Старый мой знакомый Левкин не спеша везет меня в тыл полка. Летний вечер вместе с нашей полуторкой тянется по шоссе.
— Целый день возил снаряды к вам, на первую, — говорит Левкин.
Наглотавшиеся бензина придорожные ромашки. Оглохшие от шума машин темные вечерние птицы.
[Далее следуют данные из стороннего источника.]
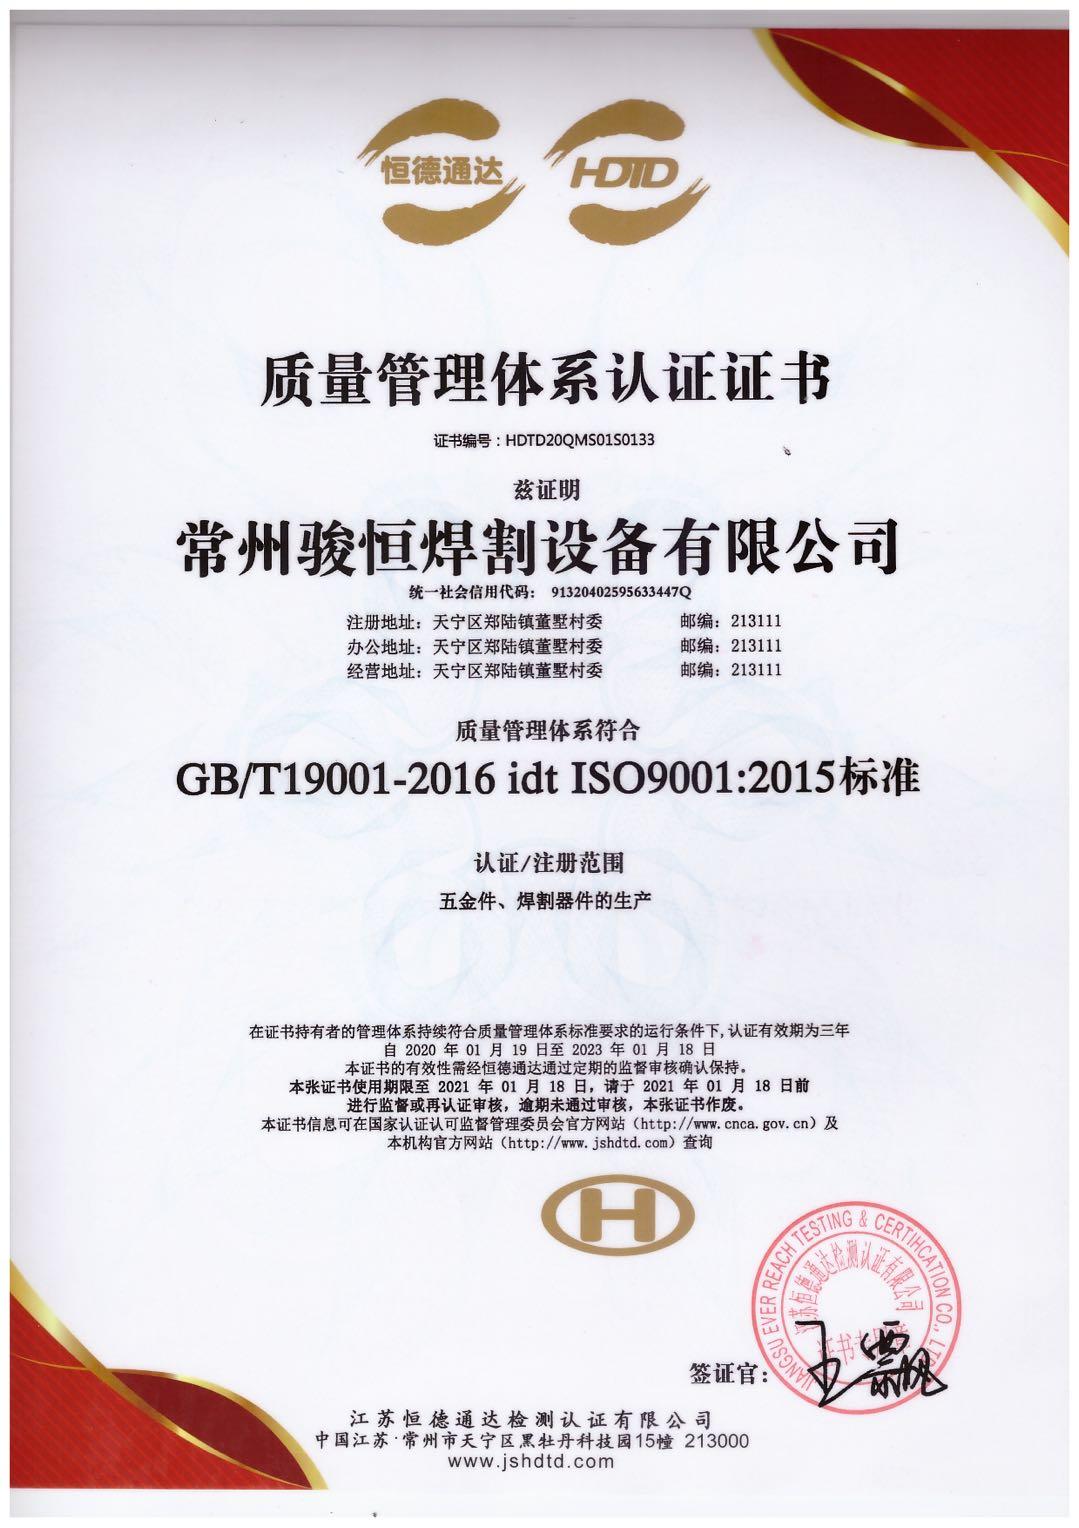 质量管理体系认证证书-常州骏恒焊割设备有限公司

Рядом с нами, прямо в густую пыль, грузно садится большое солнце.
— Приехали, — говорит Левкин.
В шалашике, на полу, устланном ветвями елок, сидит, скрестив ноги, с трубкой в зубах Кокин, начальник артснабжения, — широкий, грузный, красный от духоты, похожий на солнце, севшее в пыль.
— Здорово, друг, — говорю я. И рассказываю о своей неудаче.
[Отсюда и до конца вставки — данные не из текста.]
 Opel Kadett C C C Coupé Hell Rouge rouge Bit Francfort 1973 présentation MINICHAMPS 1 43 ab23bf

— Начнется операция — дело найдется, — говорит Кокин. — Ложись отдыхай.
Я бросаю шинель на ветки и ложусь.
Голоса водителей, визгливое лязганье идущих по шоссе танков, тонкое комариное пение. Приснись мне, моя батарея! Стволы, блестящие ранним утром, словно растертые махровым полотенцем.
Утро. Кокин говорит мне:
— Вот образец учета. Следи, друг. Писаря путают, а меня потом штаб греет.
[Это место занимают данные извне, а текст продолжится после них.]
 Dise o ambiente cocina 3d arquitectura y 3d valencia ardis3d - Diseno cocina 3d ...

У Кокина много дела. Боевые действия разворачиваются. Батареи требуют снарядов. Кокин осторожен и требователен.
Я слежу за учетом. Все чаще появляется «первая» в графе «батарея». Все чаще я слышу голос Кокина:
— Опять первая!.. Дайте первой… Что там с первой?
Полдень. Черные густые тени, словно налитые зноем.
— Надо выяснить, что с первой, — говорю я Кокину. — Я съезжу с Левкиным.
Духота в кабине машины. Кожаное сиденье раскалено. Четкие узоры шин и гусениц на пыльном шоссе. Прибитая к дереву стрелка-указатель «МСБ» — к запыленным палаткам медсанбата. Двадцать на спидометре.
— Судя по расходу, батарея ведет беглый огонь, — говорю я Левкину многозначительно.
Левкин качает головой:
— Ох, не надеюсь я на резину. Машина перегружена.
Все-таки тридцать на спидометре. Черный столб пыли возникает впереди и с треском разваливается.
— Дурак разорвался, — говорит Левкин презрительно. — Есть тут дальше одна чертова развилка. Действительно, ее немцы пристреляли.
Дом, похожий на ящик со срезанной крышкой. Слышно, как внутри дома работает движок. Перевернутый остов легковой машины. Как будто большого черного жука положили на спину. Сорок на спидометре.
Мостик через обмелевшую речку. Стонут тормоза. Поворот вправо.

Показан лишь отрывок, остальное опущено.